Dr. Gerhard Giesemann / 10.01.2019

Verstehe nicht, was daran (so) erstaunlich sein soll. Und dass es stets Mädchen sein müssen, klar - wer will schon einen Jüngling aus Arabien für seine Kinder. Ich allerdings hätte nichts gegen ein arabisches Mädchen - die arabische Sprache ist derart melodisch, betörend schön mit ihren vielen Hauchlauten, dass ich das meinen Kindern nicht vorenthalten wollte. Tausend und eine Nacht.

P.Steigert / 10.01.2019

Sowas. Den gleichen Typ-Wunsch haben auch die jungen Männer aus Afrika und Afghanistan, die bei uns auftauchen. Die Welt will westliche, weisse, junge Mädchen. Man müsste sie fast extra züchten

W.Mayer / 10.01.2019

Waldorfeltern fahren ja auch nicht Holzfahrräder und tragen Filzstiefel. Beim Transport eines Klavieres zur Waldorfschule blockierten ein Turacan, ein Range-Rover und ein Cayenne der Helfer die kleine Straße.

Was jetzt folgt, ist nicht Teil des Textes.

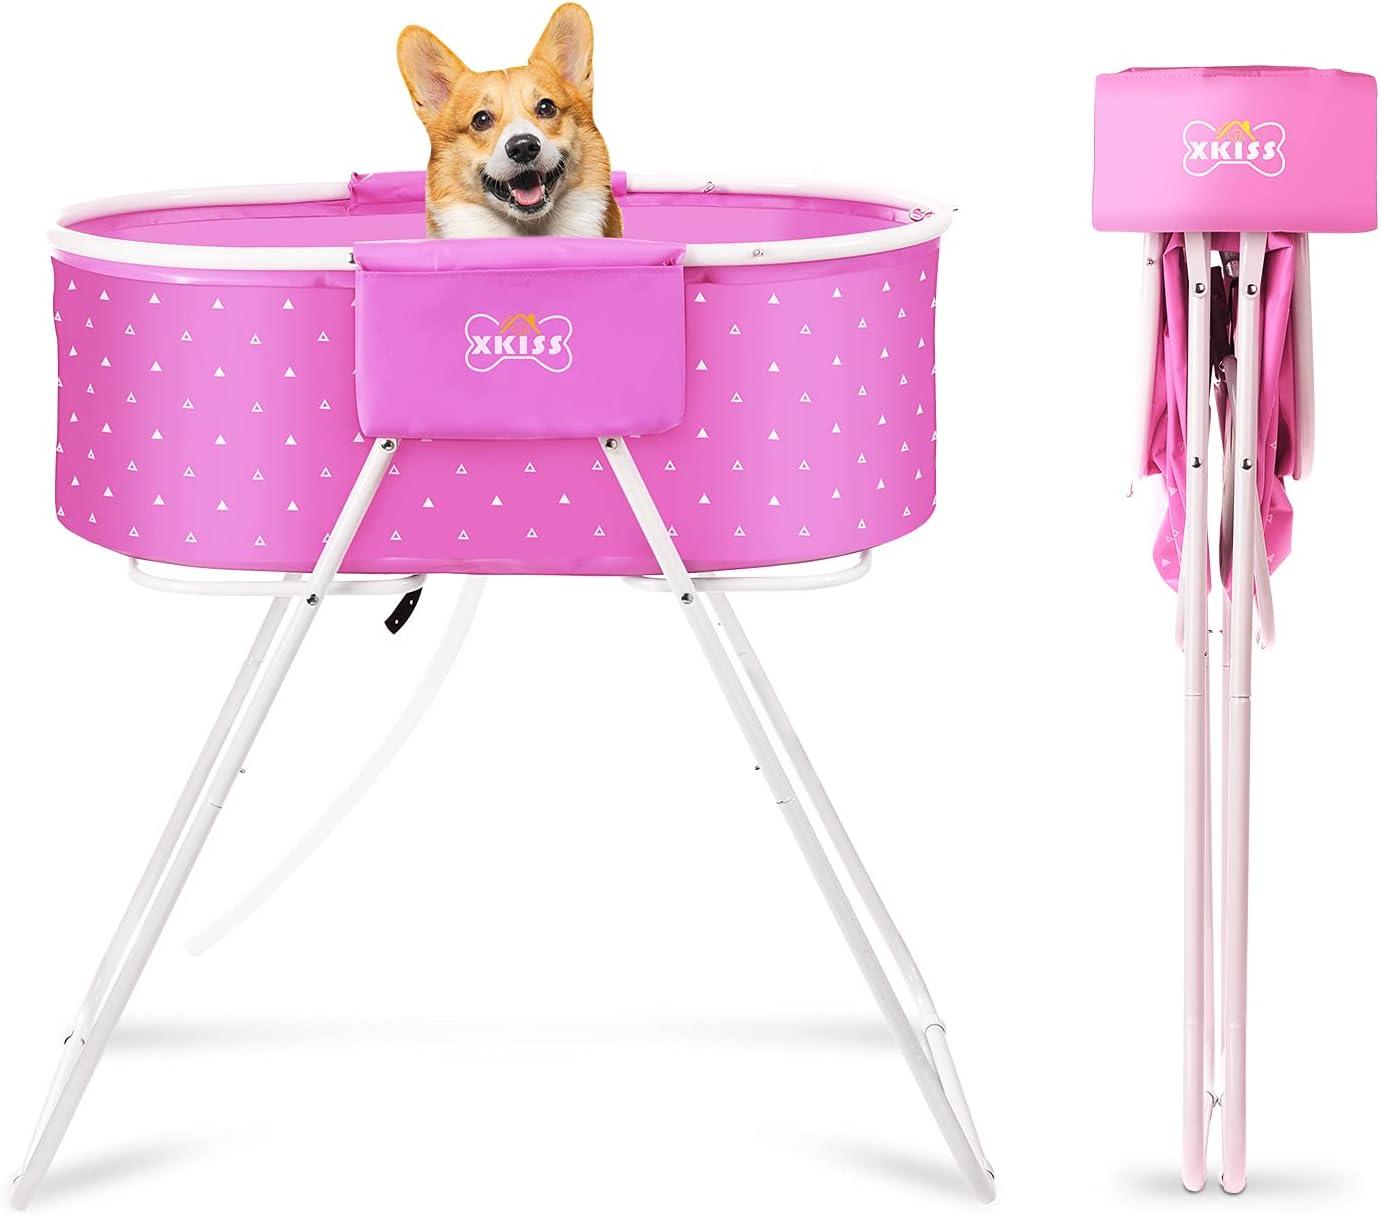 bañera plegable para gatos y perros de color rosa xkiss

Christoph Müller / 10.01.2019

So ähnlich läuft es auch bei der Auswahl der Schule für den hoffnungsvollen Nachwuchs. Mein linksliberaler, die Grünen wählenden Schwager und seine Frau erfuhren, dass es aufgrund des hohen Anteils an Kindern mit Migrationshintergrund soziale Probleme an der Grundschule gäbe, an ihre sechsjährige Tochter eingeschult werden sollte. Prompt kam sie auf eine Montessori-Schule. Ich erfuhr, dass auch andere Eltern aus ihrem gleichgesinnten Bekanntkreis so handeln würden. Auf meinen Einwand, dass es wohl keine Integration geben könne ohne deutsche Kinder an dieser Schule, meinte er sinngemäß: “Es ist wohl nicht richtig, sich da einfach rauszuziehen, aber so haben wir das nun mal entschieden.”